Most voice recognition systems today do most of their processing in the cloud, Lott explained. The microphones and chips in phones, smart home speakers like Google Home and Amazon’s Echo speakers, and Windows computers with Microsoft’s Cortana assistant enabled listen for “hot words” like “OK Google” and “Hey Cortana,” which prime the system for the string of voice commands to come. But they don’t analyze those commands — they relegate the grunt work to powerful remote servers running complex machine learning algorithms.
For some users, surrendering their voice data to the cloud raises privacy concerns. Both Amazon’s Alexa assistant and Google Assistant record snippets before sending them off for analysis, and they retain those voice snippets until users choose to delete them. Both companies say they use audio recordings to improve their services and provide more personalized responses.
But in some cases, the recordings don’t remain private. In 2016, detectives in Arizona investigating a murder sought access to voice data from an Amazon Echo speaker, which was ultimately shared, with the permission of the defendant.
On-device voice processing has benefits in addition to privacy, Lott said. Because it doesn’t have to offload data to the cloud, it responds instantly to commands, and because it doesn’t require an internet connection, it’s much more reliable.
“There’s a push to do the whole end-to-end system in some neural net fashion,” he said. “It’s something that’s going to make interacting with devices more natural.”
Lott has a point.

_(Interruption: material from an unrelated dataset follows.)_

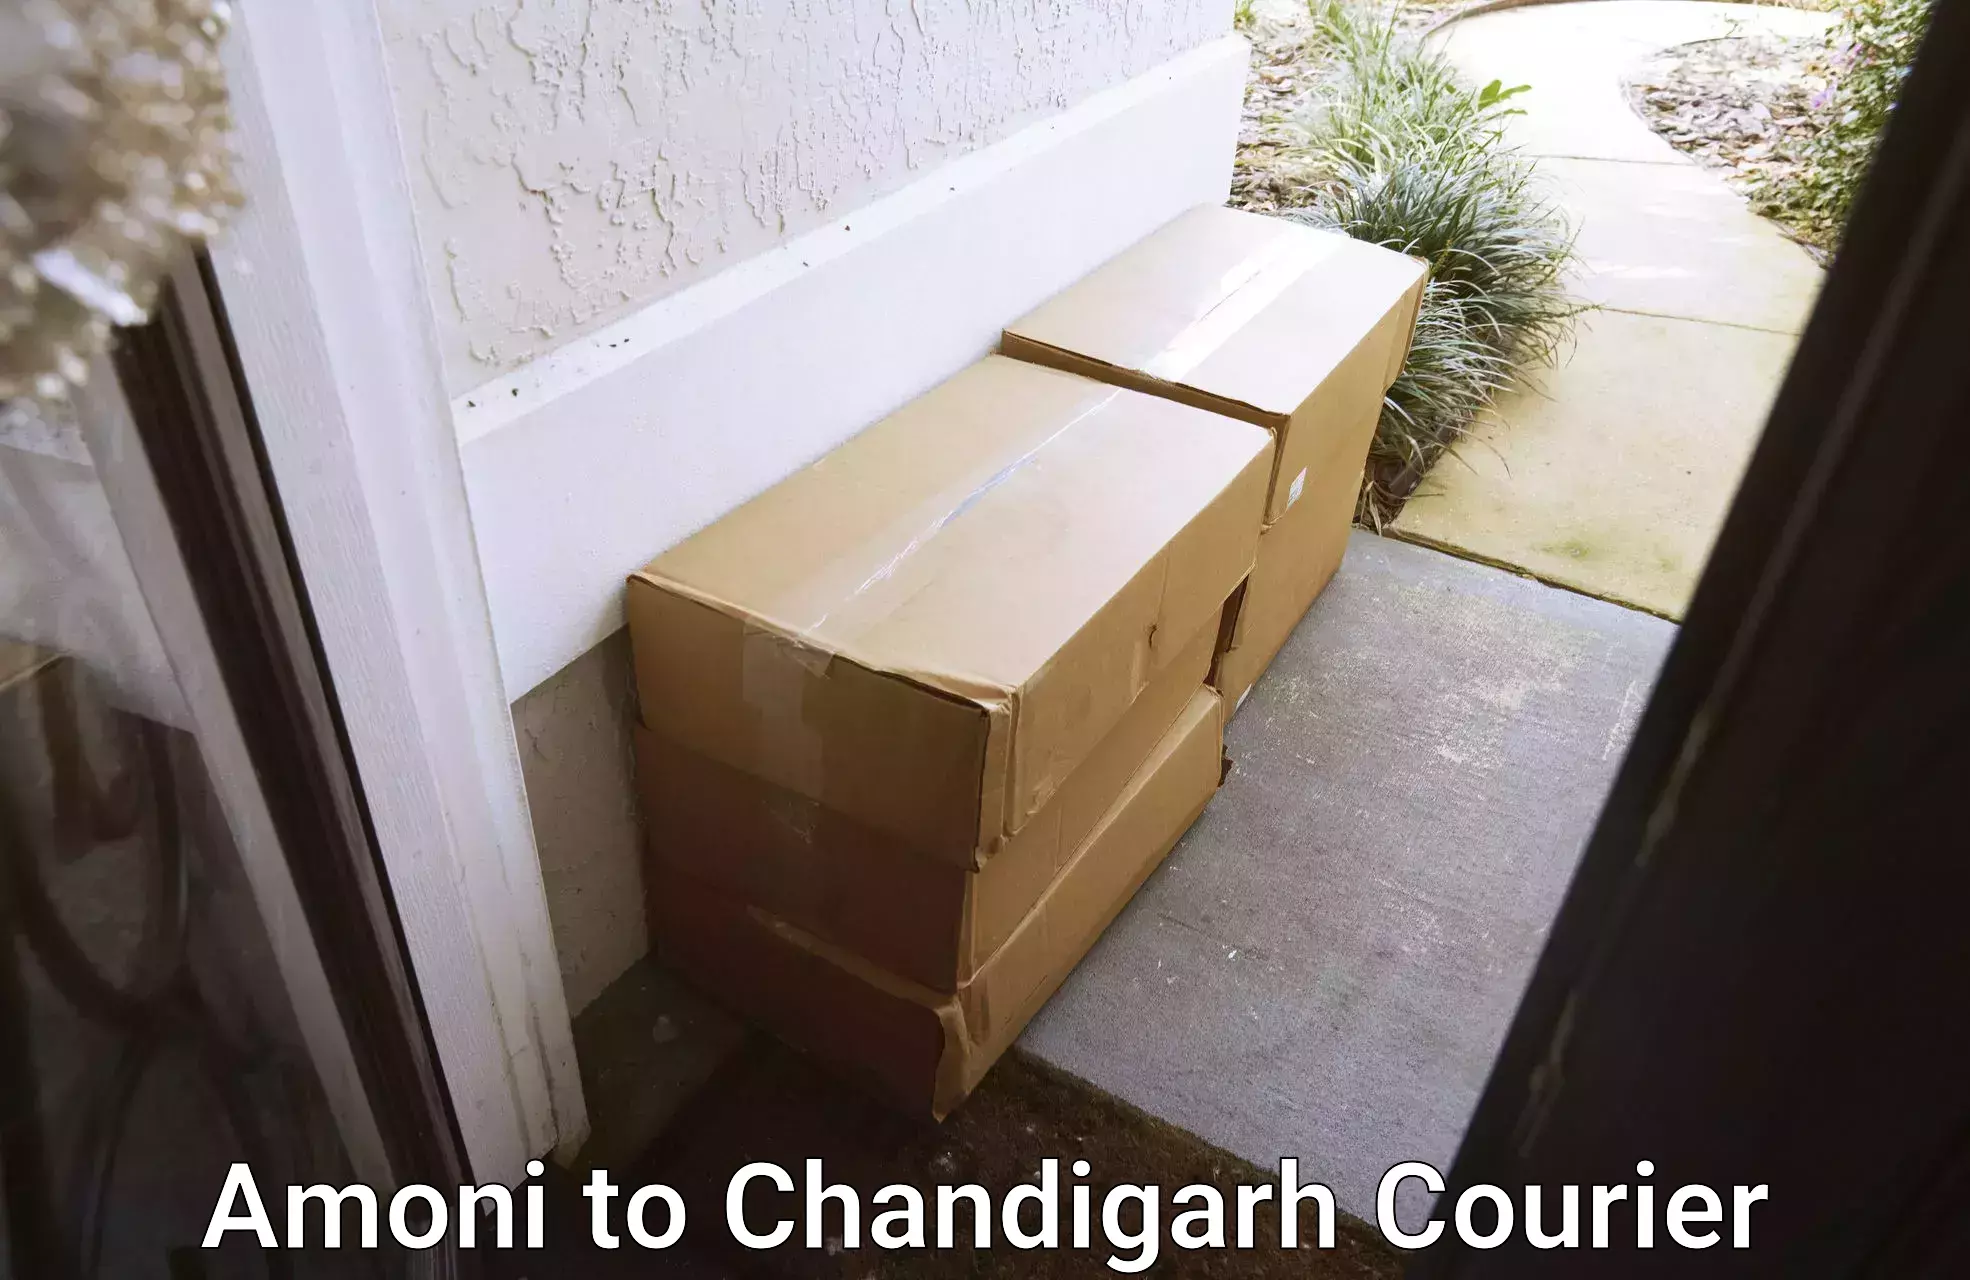 Advanced courier platforms Amoni to Chandigarh
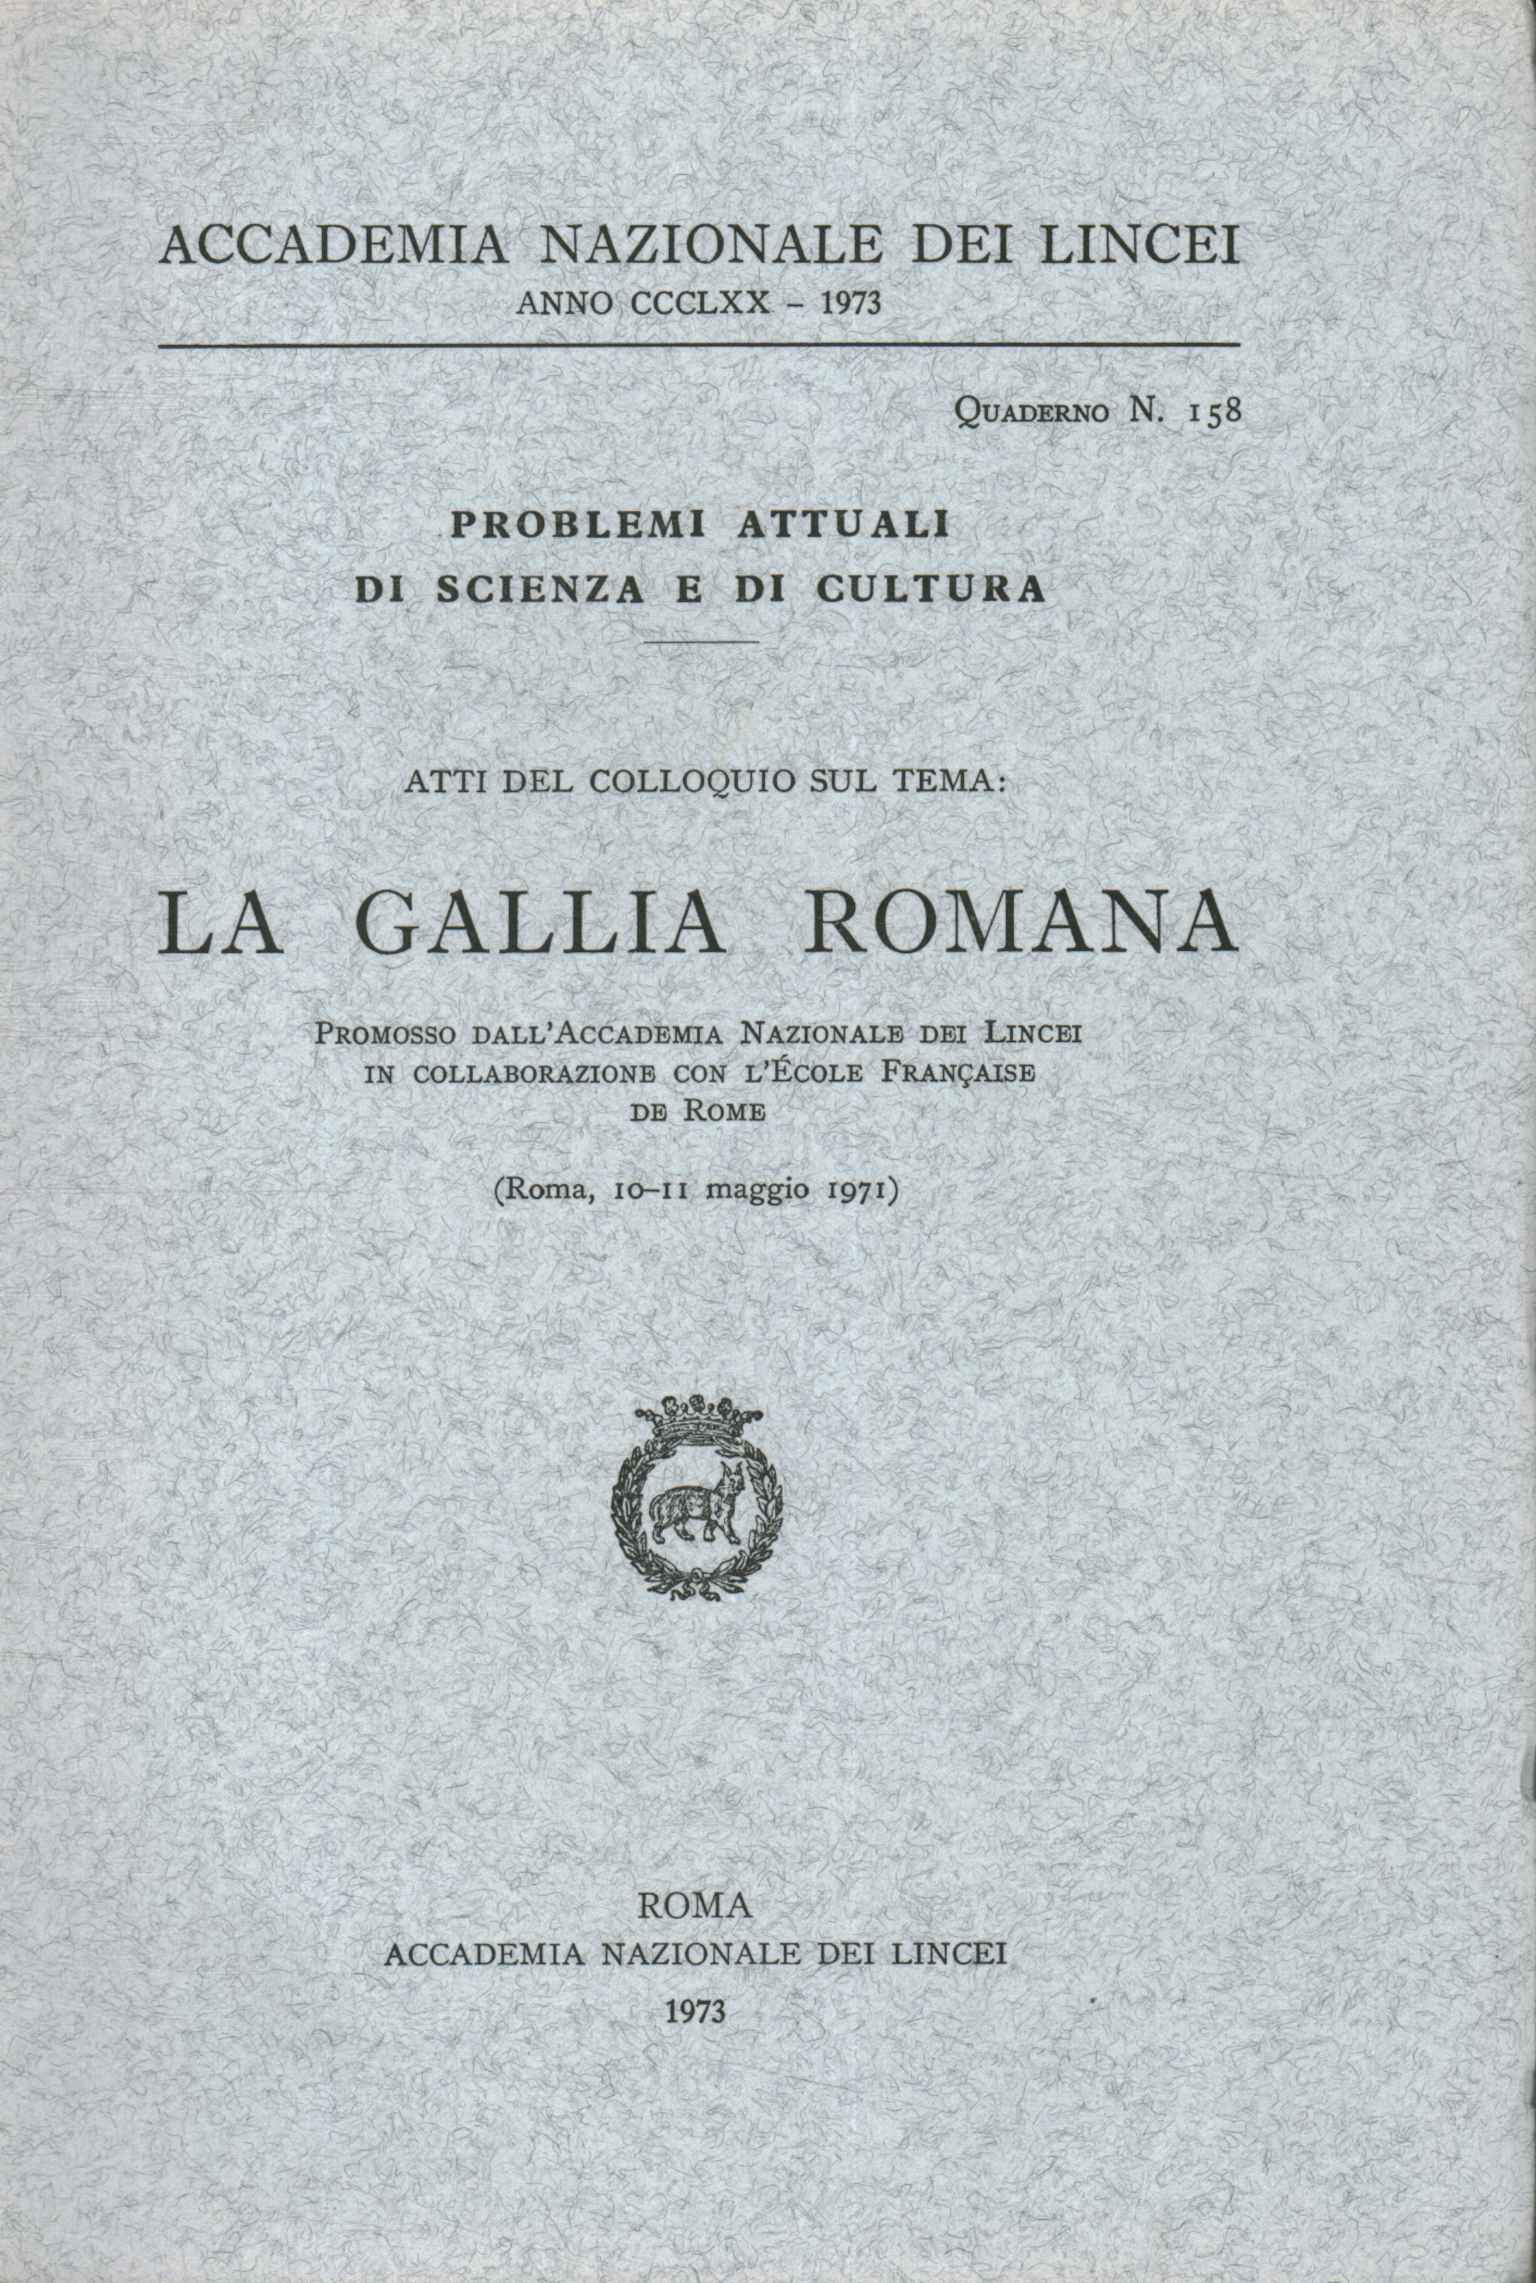 La Gallia romana

In 2016, Google created an offline speech recognition system that was 7 times faster than its online system at the time. The model, which was trained on roughly 2,000 hours of voice data, was 20.3 megabytes in size and achieved 86.5 percent accuracy running on a smartphone.
Of course, on-device voice recognition has its own set of limitations. Algorithms designed to work offline can’t connect to the internet to search for answers to questions, and they miss out on the improvements made possible in cloud-based systems with larger, more diverse datasets.
But Lott thinks Qualcomm’s solution is the way forward. “A lot of things are happening on the cloud, but we think it should be happening directly on the device.”